I'm sitting here looking at photolistings on rainbowkids. Something I probably should not be doing. Every photo I click on (which is every photo on each page) I imagine picking that child up. Holding him or her in my arms. Loving them. I feel like I could just spread myself into one huge, super mother and take them all into my heart. Never go hungry again, sweet ones. Never let one tear go unnoticed. Never ever to be abandoned again.
Just keeping it real here, I think about money an awful lot. I think about the lack of it here, and the excess of it elsewhere. I try to devise and connive, to find a business, something everyone needs that would allow us to adopt another child. And keep adopting. Because there are so many.
I am frustrated. I am forced to wait. I have nothing against learning a little patience. But when what you're waiting for is not a new shirt to come in the mail, but to rescue a vulnerable, abandoned child, come on, that's torture! Out the window I see dark clouds, trees wild and black against a sky that is shrouded in untimely nightly-ness and full of ominous threats. The wind whips a small leaf up, around, away. Out of my sight, in the power of an unseen force.
I see the threats. I feel the danger. Such a small, fragile one you are, Daniel from somewhere in Africa, with a birthdate a few months before Harry's that makes you special needs. Small, sweet brown face with, no doubt, dimpled knuckles on your sweet little boy hands.
Not a day goes by that I don't think about you, you small orphan somewhere in Africa. Or Haiti. Or Jamaica. Or China. Or Russia. Or USA. Or wherever. I worry that the world has forgotten you little one. I worry that I won't get there, to help you.
And I reflect that you are more than just a puppy in a pet store. You are a human being, with a birth family, a bloodline, a broken heart. A complex, wounded, precious child of God. Not a project, not a trophy. A soul. Not to be part of a collection, but to be integrated and grafted into an imperfect, but hopefully loving, happy, healthy family. Meant for a family.

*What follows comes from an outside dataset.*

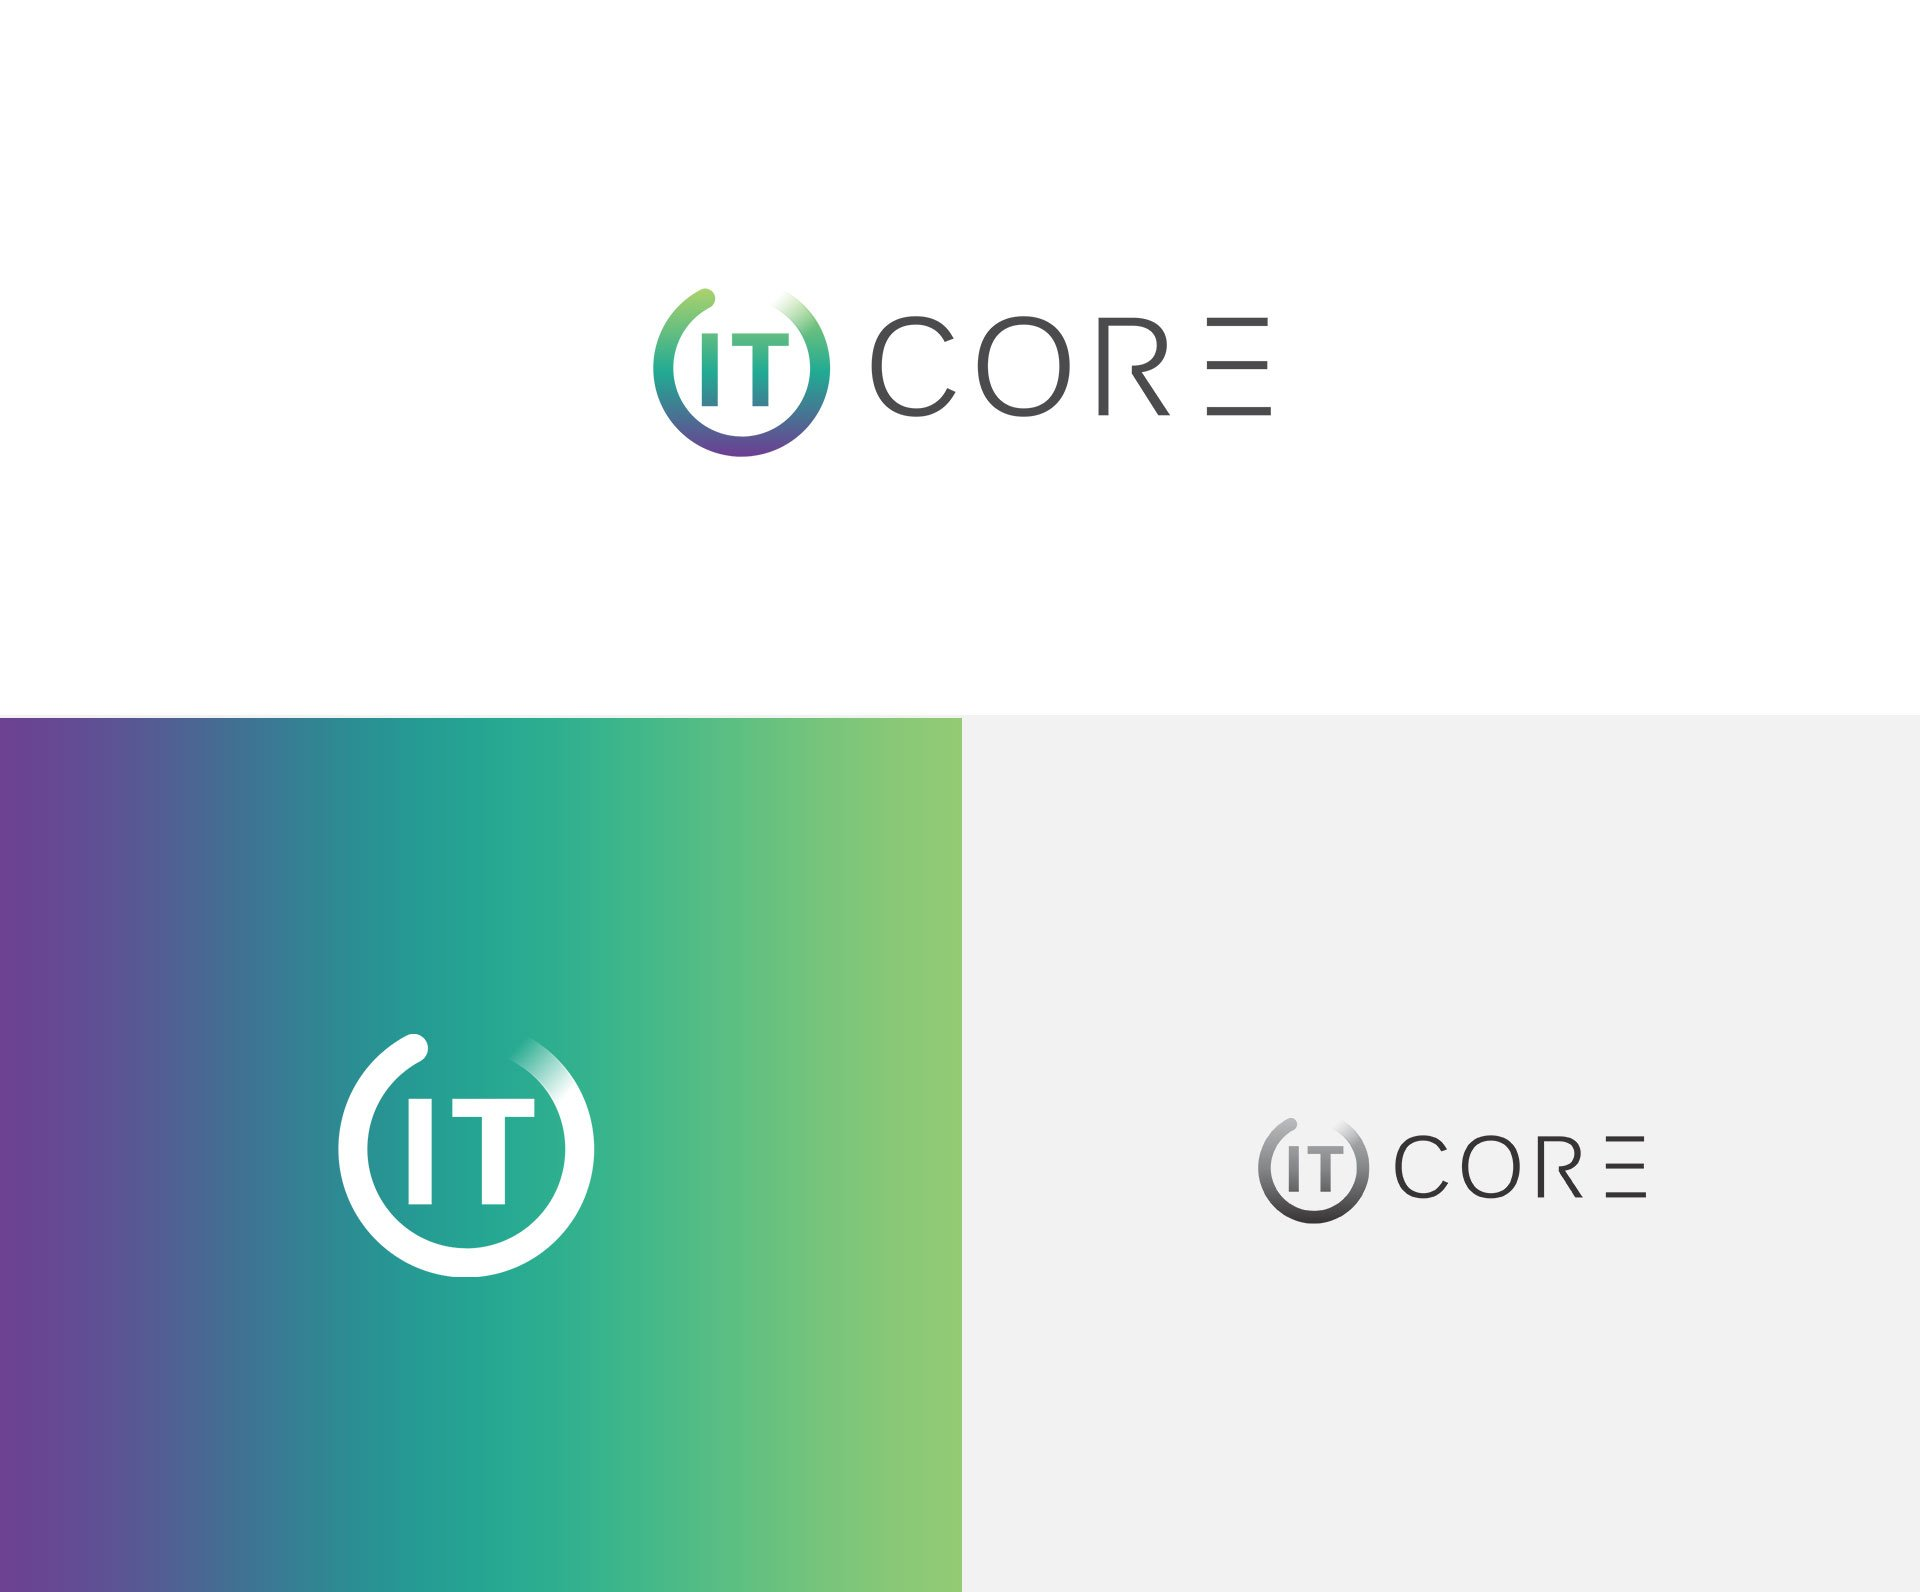 IT-Core-01

The thing is, all children are made for moms and dads. They need them. No child was made to be able to survive alone. The alarming thought is that so, so many don't have either or anyone!
And there's only one comforting thought is all these frightful musings. And that comes to me as a lay in bed and feel in my heart the child that is sleeping in the dust, alone, somewhere far away. The children that run wild on the streets, and sleep in black, empty doorways, in cities full of strangers. I want to be a spirit and spread myself over these little forgotten faces with hungry eyes. And then I'm startled by the thought that they already have that. There is a Father to the fatherless. And He loves these lost ones more than I ever could.

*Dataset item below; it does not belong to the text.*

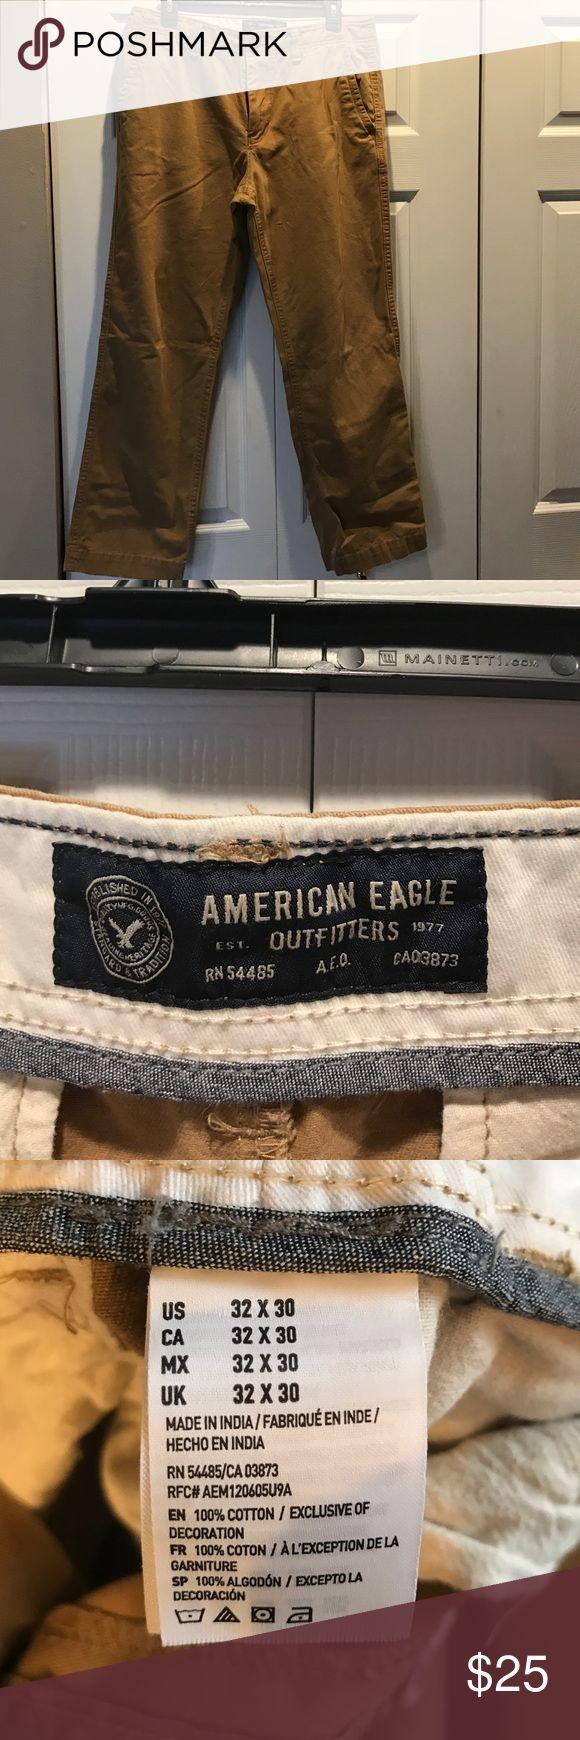 American Eagle Men's khaki pants size 32x30 Gently used American eagle men's khaki pants size 32x30. American Eagle Outfitters Pants Chinos & Khakis

So I'm back to the starting spot. This is why I shouldn't be looking at photolistings (pictures of actual, darling orphans.) Because He hasn't opened the door yet. I'm peeking under the crack, trying to peer through and see what's next. I ask Him every day to open that door. Sometimes I cry, and pound at that door. I kick it and try to break it down. I hate that darn door. But, like many other things in my life, without God orchestrating this great venture, it will just be a bunch of meaningless noise and wasted effort. And just because I'm asking for something that is ostensibly altruistic doesn't mean I automatically get it.
But please, can't it be. And can't it be now. In the great cosmic, awesomeness that is God running the whole universe, can't a cog move and a gear shift and suddenly something be set in motion that would produce an object that stays in motion? Something that would propel us across the ocean, through reams of endless paperwork and fees, and to the door of an orphanage where we could fill our arms with child, sweet warm, busy wild little bodies. So we can swirl the waters of this house back into chaos and laughter and tears and uproar (ok, so maybe we're already there, but there would be more). And that moment, at some point in each day, like now, when lashes brush round cheeks and breath is warm and soft, and busy life is cocooned into soft, safe nests?
There is a hole in my heart. I feel that someone is missing. Where are you little one? And when will you be home? When can we start looking for you?
"Home, let me go home, Home is wherever I'm with you."